We saw this with the average scores by year previously.
year_scores = movie_scores.groupby('year').mean()
ys_tall = year_scores.reset_index().melt(id_vars='year', var_name='Source', value_name='MeanAvgScore')
ys_tall
year | Source | MeanAvgScore | |
---|---|---|---|
0 | 1903 | Critics | 7.600000 |
1 | 1915 | Critics | 8.000000 |
2 | 1916 | Critics | 7.800000 |
3 | 1917 | Critics | 0.000000 |
4 | 1918 | Critics | 0.000000 |
... | ... | ... | ... |
191 | 2007 | Audience | 3.062162 |
192 | 2008 | Audience | 2.853698 |
193 | 2009 | Audience | 3.192308 |
194 | 2010 | Audience | 0.000000 |
195 | 2011 | Audience | 0.000000 |
196 rows × 3 columns
sns.lineplot('year', 'MeanAvgScore', hue='Source', data=ys_tall)
<matplotlib.axes._subplots.AxesSubplot at 0x2c29250e640>
*Practice: add the mean average rating from MovieLens users to this chart.
Box Plots¶
These show median-based distribution statistics for a numeric variable grouped by a categorical.
If we have: a numeric response variable and a categorical variable
And we want: to visualize median-based distribution statistics (min, max, IQR)
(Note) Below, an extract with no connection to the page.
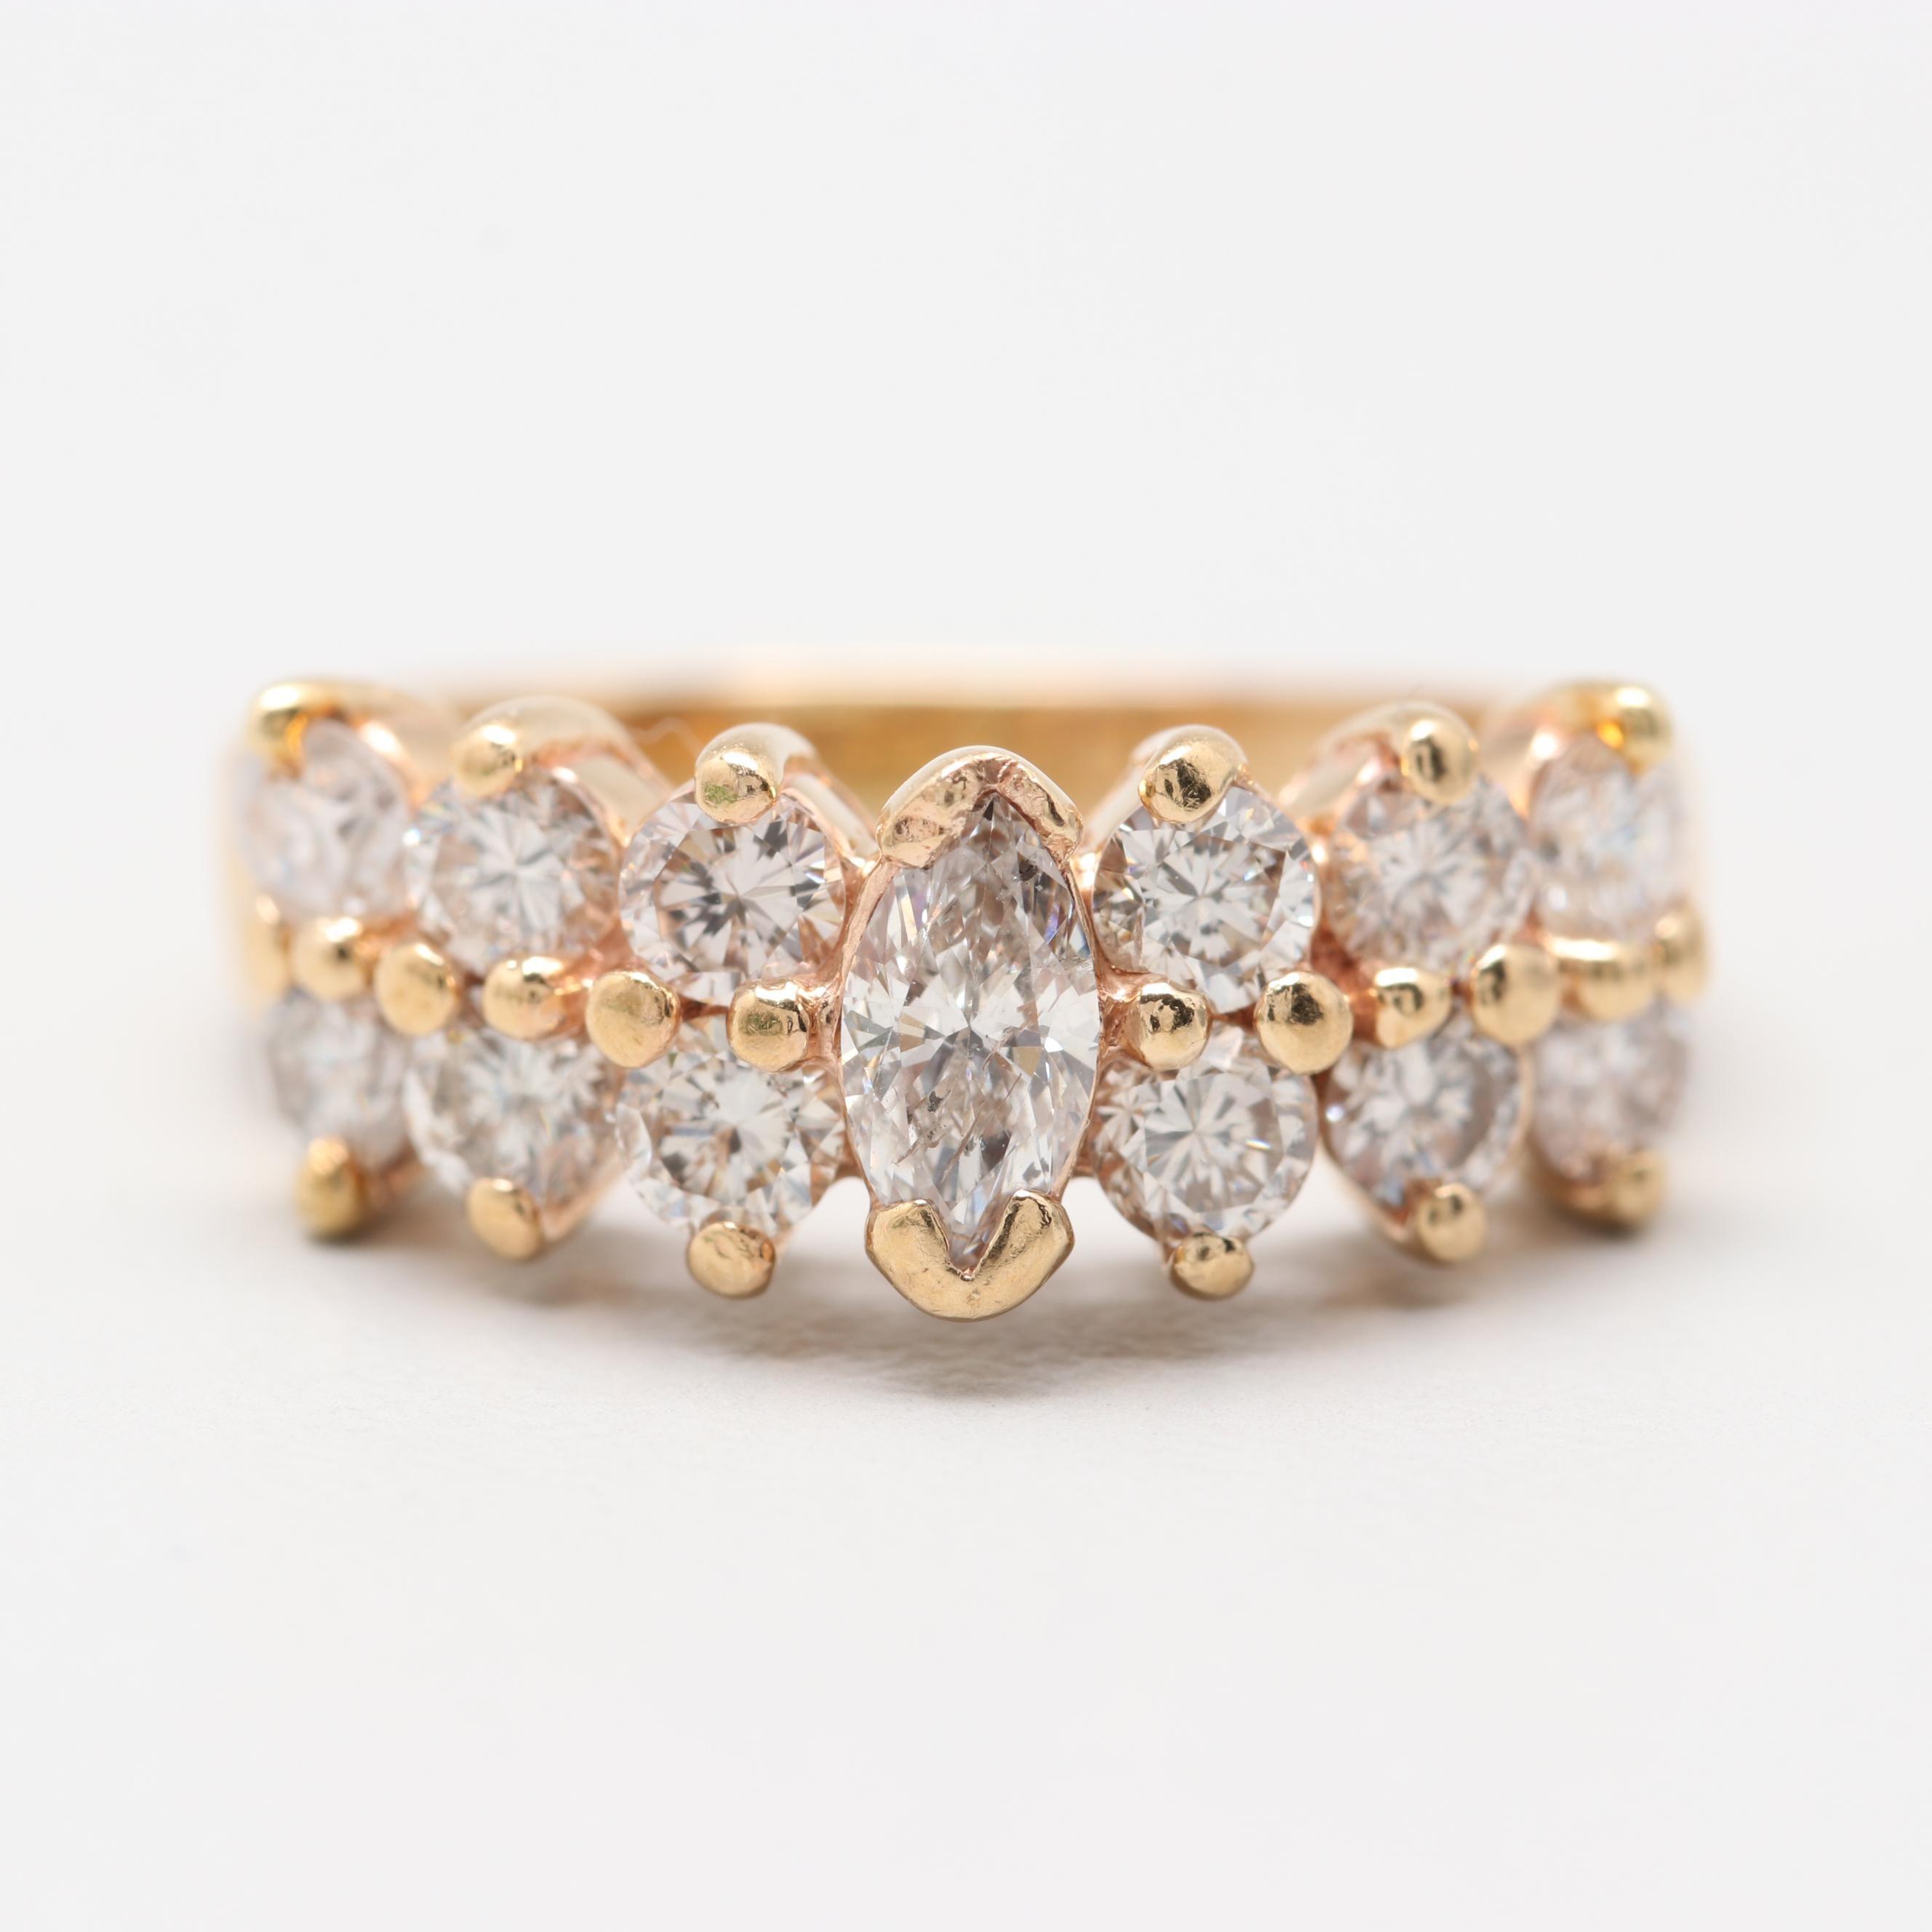 EFFY 14K Yellow Gold 1.07 CTW Diamond Ring

Then we can: use a box plot.
Let’s look at the distribution of rating counts by genre. We first need to join genres and movie stats.
mg_stats = movie_genres.join(movie_stats, on='movieID')
mg_stats
movieID | genre | RatingCount | MeanRating | |
---|---|---|---|---|
0 | 1 | Adventure | 1263.0 | 3.735154 |
1 | 1 | Animation | 1263.0 | 3.735154 |
2 | 1 | Children | 1263.0 | 3.735154 |
3 | 1 | Comedy | 1263.0 | 3.735154 |
4 | 1 | Fantasy | 1263.0 | 3.735154 |
... | ... | ... | ... | ... |
20804 | 65126 | Comedy | 2.0 | 3.250000 |
20805 | 65126 | Drama | 2.0 | 3.250000 |
20806 | 65130 | Drama | 1.0 | 2.500000 |
20807 | 65130 | Romance | 1.0 | 2.500000 |
20808 | 65133 | Comedy | 3.0 | 4.000000 |
20809 rows × 4 columns
sns.boxplot('RatingCount', 'genre', data=mg_stats)
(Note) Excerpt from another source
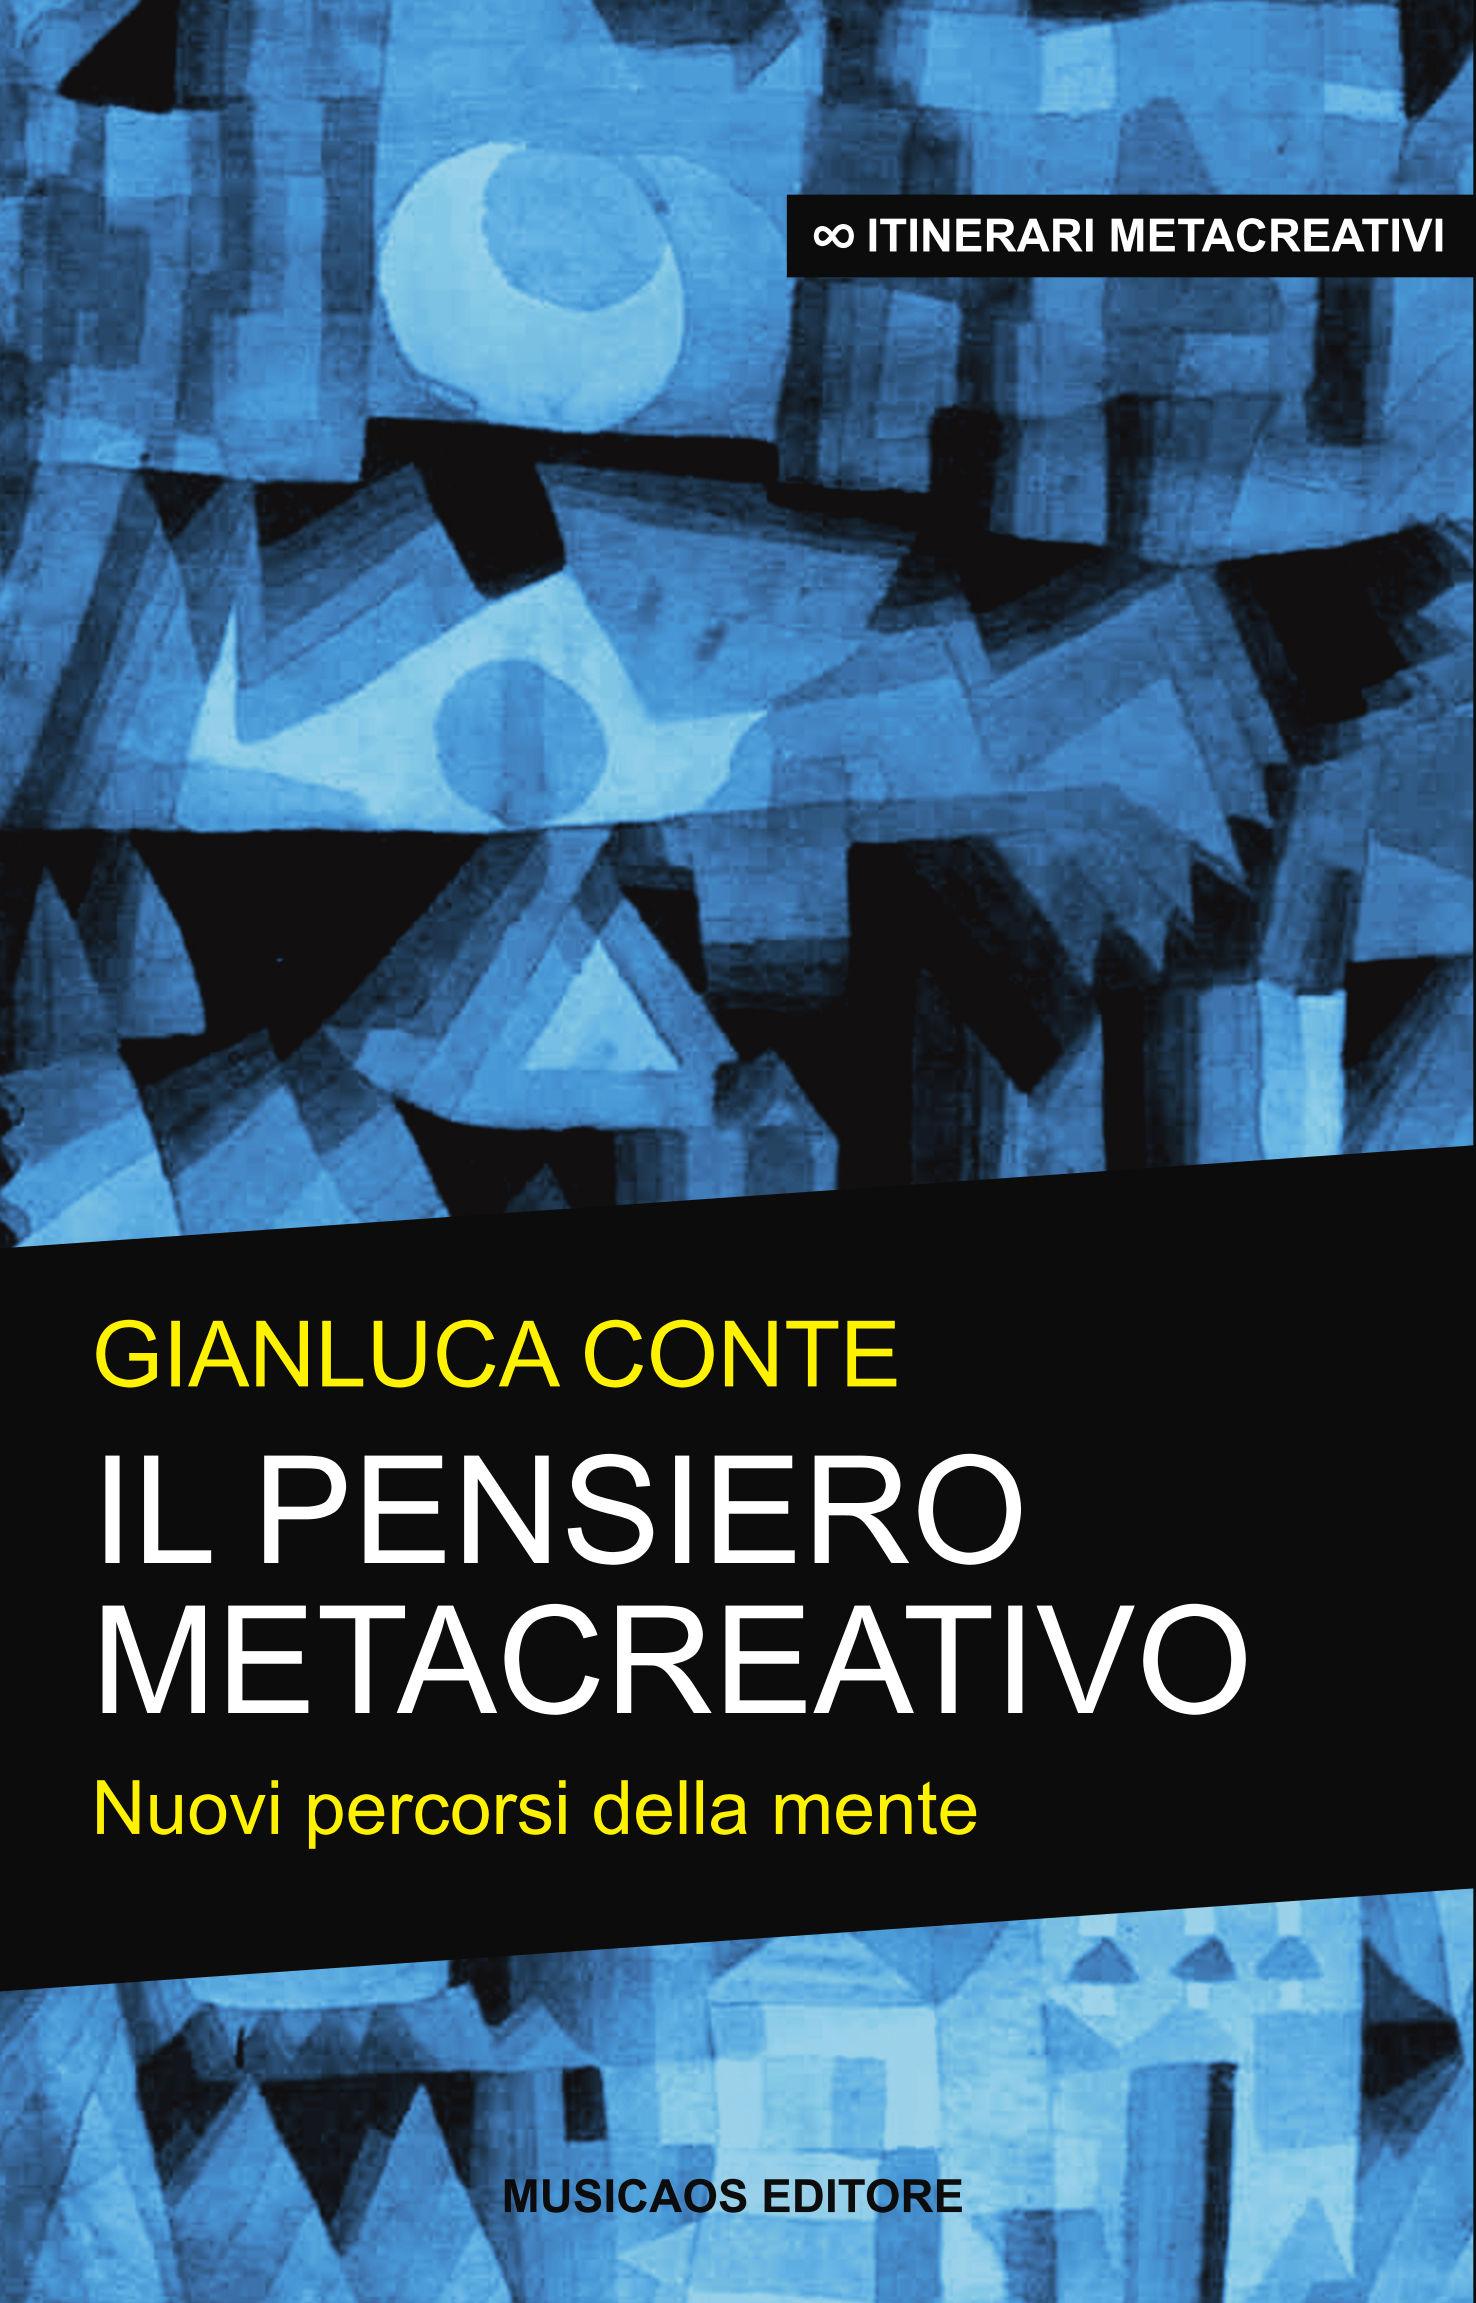 Gianluca Conte - Il pensiero metacreativo

<matplotlib.axes._subplots.AxesSubplot at 0x2c2925842e0>
Note that this is horizontal rather than vertical - Seaborn automatically figures out which is numeric and which is categorical, and orients the box plot correctly. Horizontal is easier to have good layouts for the y axis labels.
Violin Plots¶
The violin plot also shows distributions, but does so with a kernel density estimate:
sns.violinplot('MeanRating', 'genre', data=mg_stats)
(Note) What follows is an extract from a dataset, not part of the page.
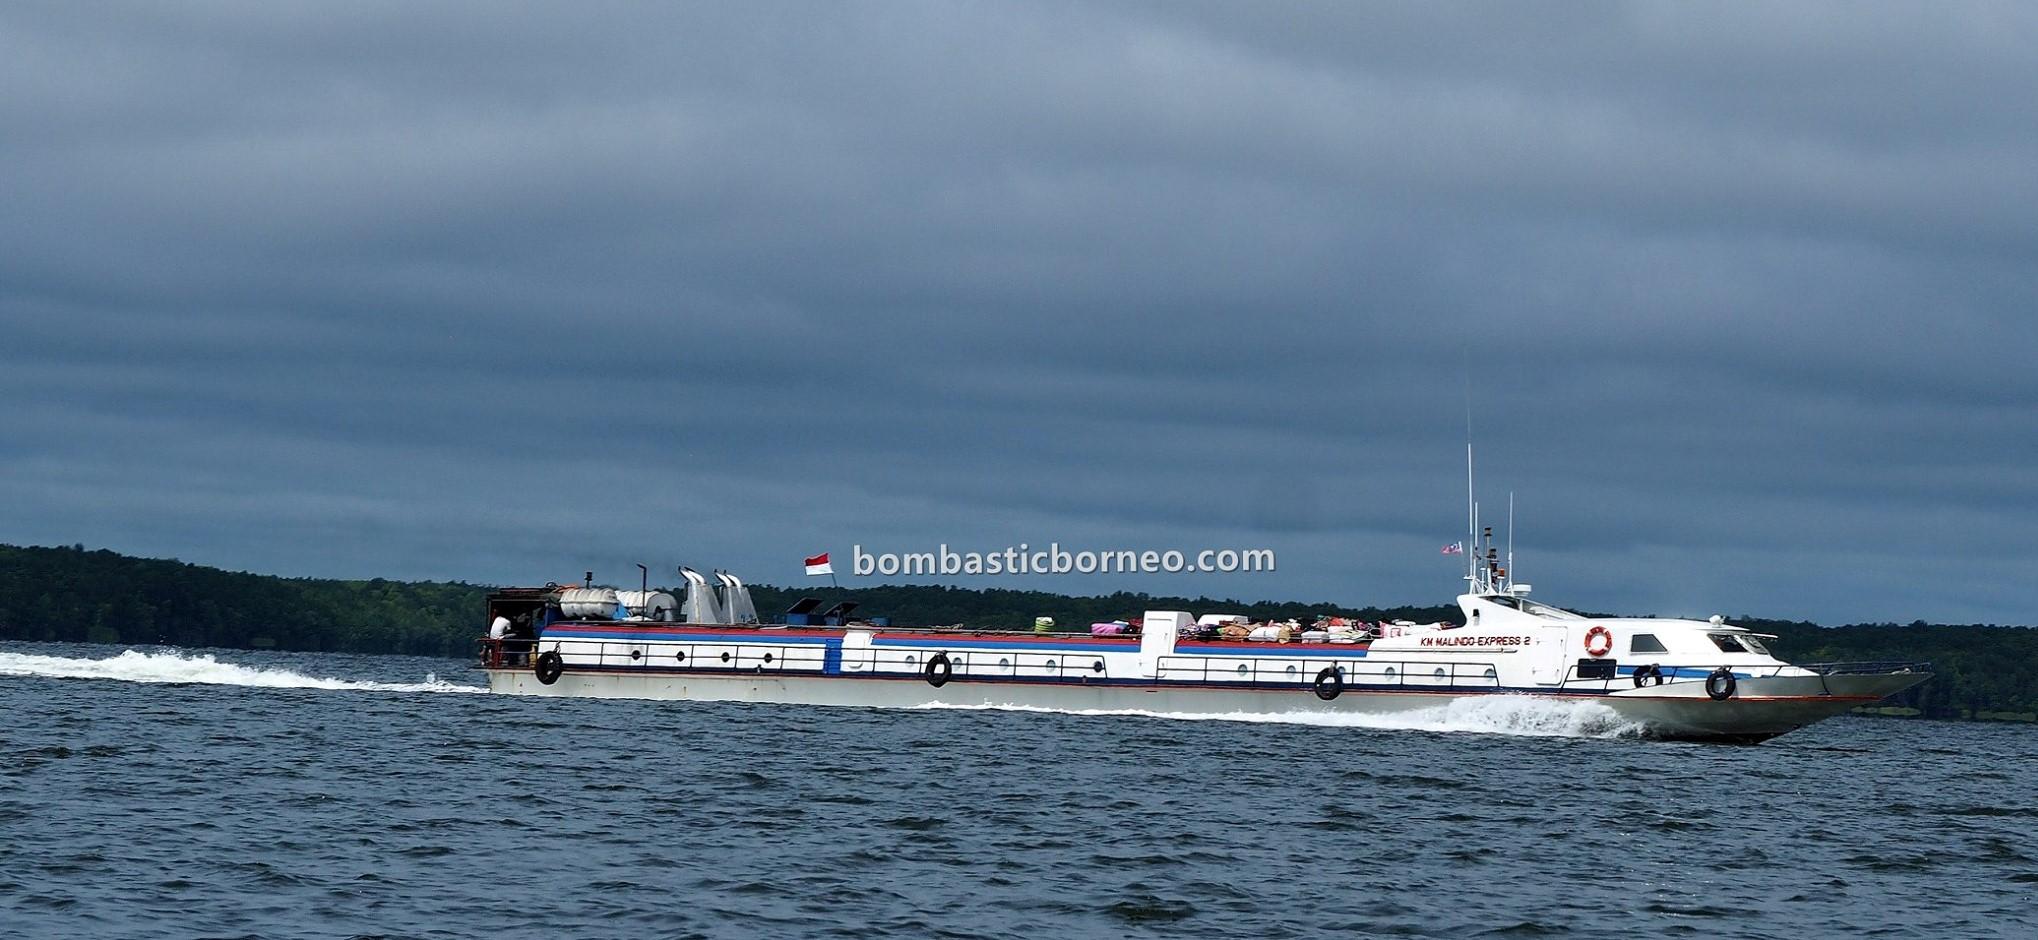 Pulau Sebatik, Island, boat ride, jelajah, exploration, Indonesia, adventure, backpackers, Kalimantan Utara, tourism, Travel Guide, Trans Border, 跨境婆罗洲游踪, 马来西亚沙巴斗湖

<matplotlib.axes._subplots.AxesSubplot at 0x2c2923417c0>
This chart is too crowded to usefully read.
Wrapping Up¶
The Seaborn functions have a common interface:
x
andy
as first and second parameters, respectivelyif
data=
points to a data frame, thenx
andy
are interpreted as column namescan change other aesthetics, such as color-coding points with
hue='column'
We’ll see more plot capabilities later.